Он пожимает плечами и развязывает шейный платок. Элизабет следит за каждым его движением, как уличная кошка за птахами. В глазах скачут шальные искорки. Пляшут в пальцах карты, тасуется колода. Брендон смотрит на нее и понимает, что пора остановиться.

«Хватит», – говорит он девушке.

Она хохочет:

– Командовать будет тот, кто выиграет! Что, страшно?

Брендон молчит. Потому что она права: ему страшно. Он сам не понимает, чего боится. Уже два дня его не покидает ощущение, что он идет по льду. Лед тонкий, трещит под ногами. И невозможно предсказать, когда он проломится.

Падает на алое покрывало карта.

– Бей, не спи!

Он бросает одну из своих карт – не глядя.

– Рядовой, ну кто так козырями разбрасывается? Тебе крыть больше нечем? Э-эй! – хихикает Элизабет.

«Извини».

Она выигрывает у него рубашку. Пока Брендон выпутывается из рукавов, девушка смотрит на него с напряженным любопытством. И больше не смеется.

– О-ой… – выдает она изумленно. – Как оно… Кто ж тебя так изрезал?

«А чего ты ожидала? – Брендон смотрит на девчонку прямо и зло. – Ящика с проводами? Музыкальной шкатулки?»

– Это не болит? – Элизабет тянется к неровному шву, идущему через весь живот.

Металлическая ладонь, раскрытая, как щит, останавливает ее руку.

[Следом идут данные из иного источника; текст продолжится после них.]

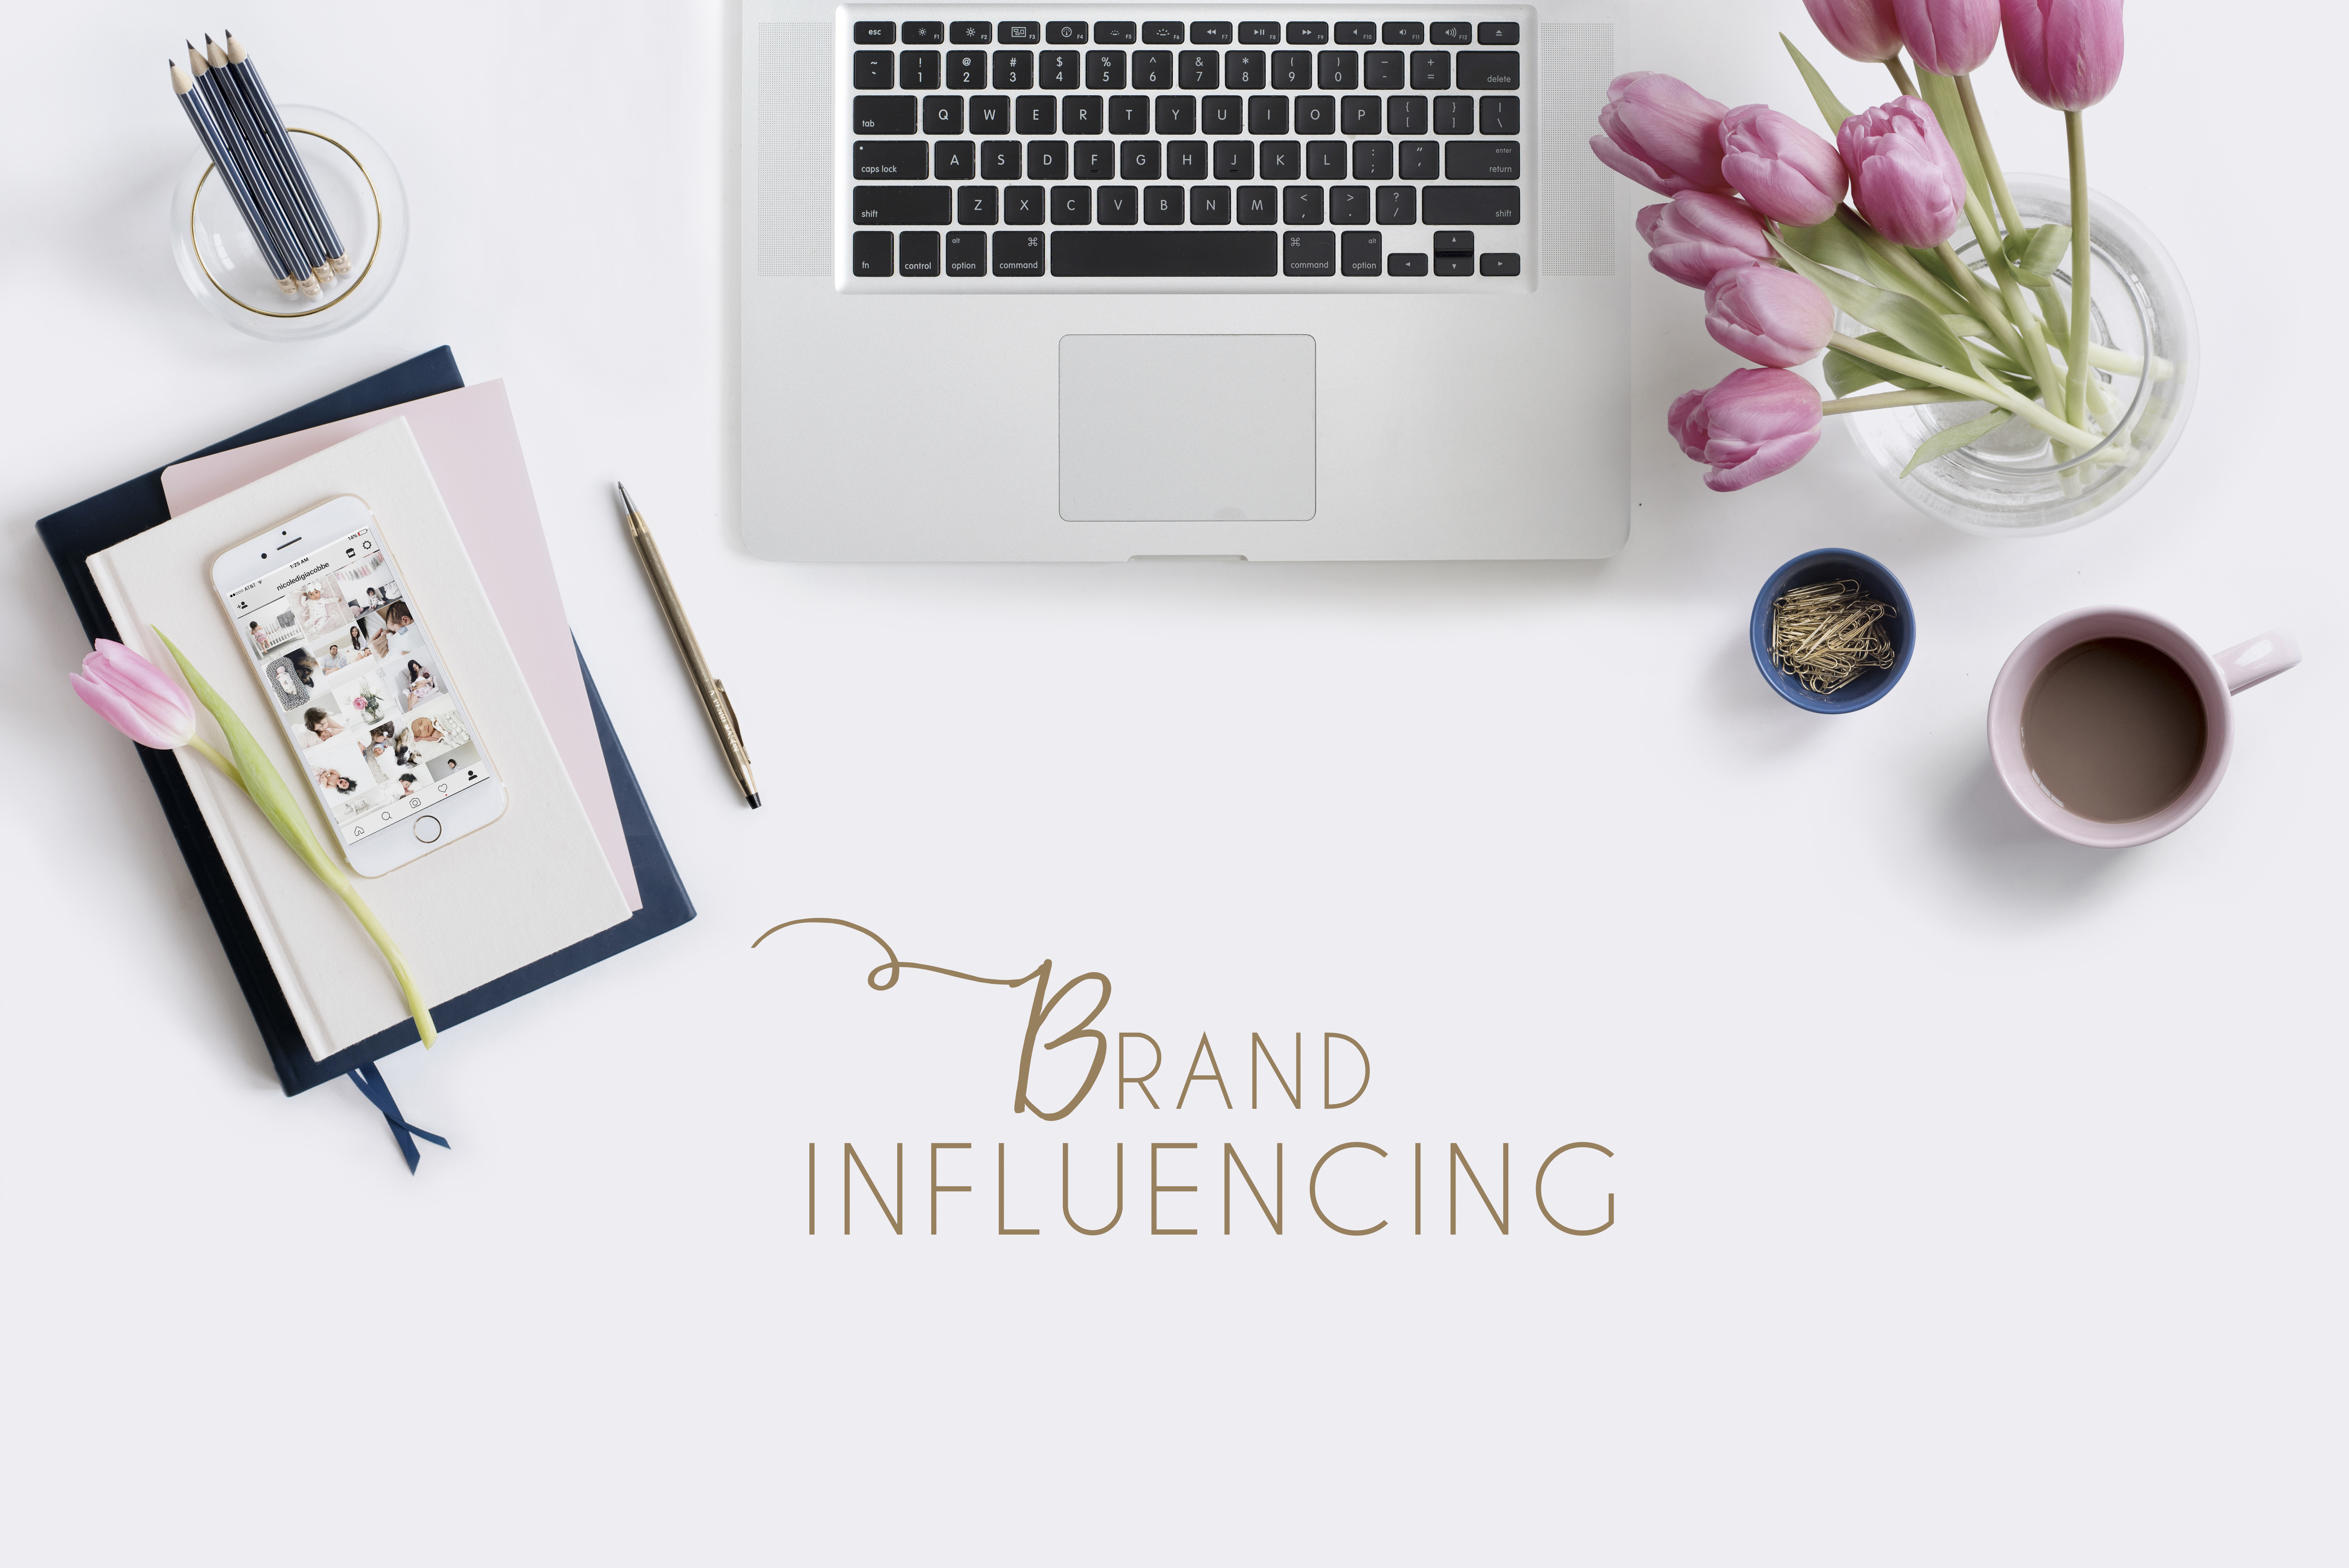 Brand-Influencing-social-media-marketing-instagram

«Нет. Играть хотела? Играй».

– А ты не злись! На, сам раздавай!

Она обиженно швыряет ему колоду и садится на свое место среди подушек. Брендон раскидывает по шесть карт, начинается очередной круг игры. Бьются молча и зло, кроя карты, словно парируя удары. Элизабет кусает губу, Брендон смотрит только на ее руки.

Последний ход ее. У нее козырной король, у Брендона – червовая семерка.

– Вот и все, – глухо произносит девушка, глядя в сторону. – Ты проиграл. Раздевайся.

«Зачем тебе это?», – спрашивает он, перехватив наконец ее взгляд. Печальный взгляд победителя.

– Умей проигрывать, – отвечает она со вздохом. – Давай.

Брендон отходит в глубь комнаты, отворачивается от Элизабет. Расстегивает брюки.

Легкие шаги за спиной. Прикосновения горячих ладоней. Пальцы – бесстыжие, нетерпеливые – скользят по бедрам, избегая касаться грани между плотью и металлом. И нет сил противостоять. Это сильнее, чем приказ. Хватит уже, Элси. Пожалуйста, хватит…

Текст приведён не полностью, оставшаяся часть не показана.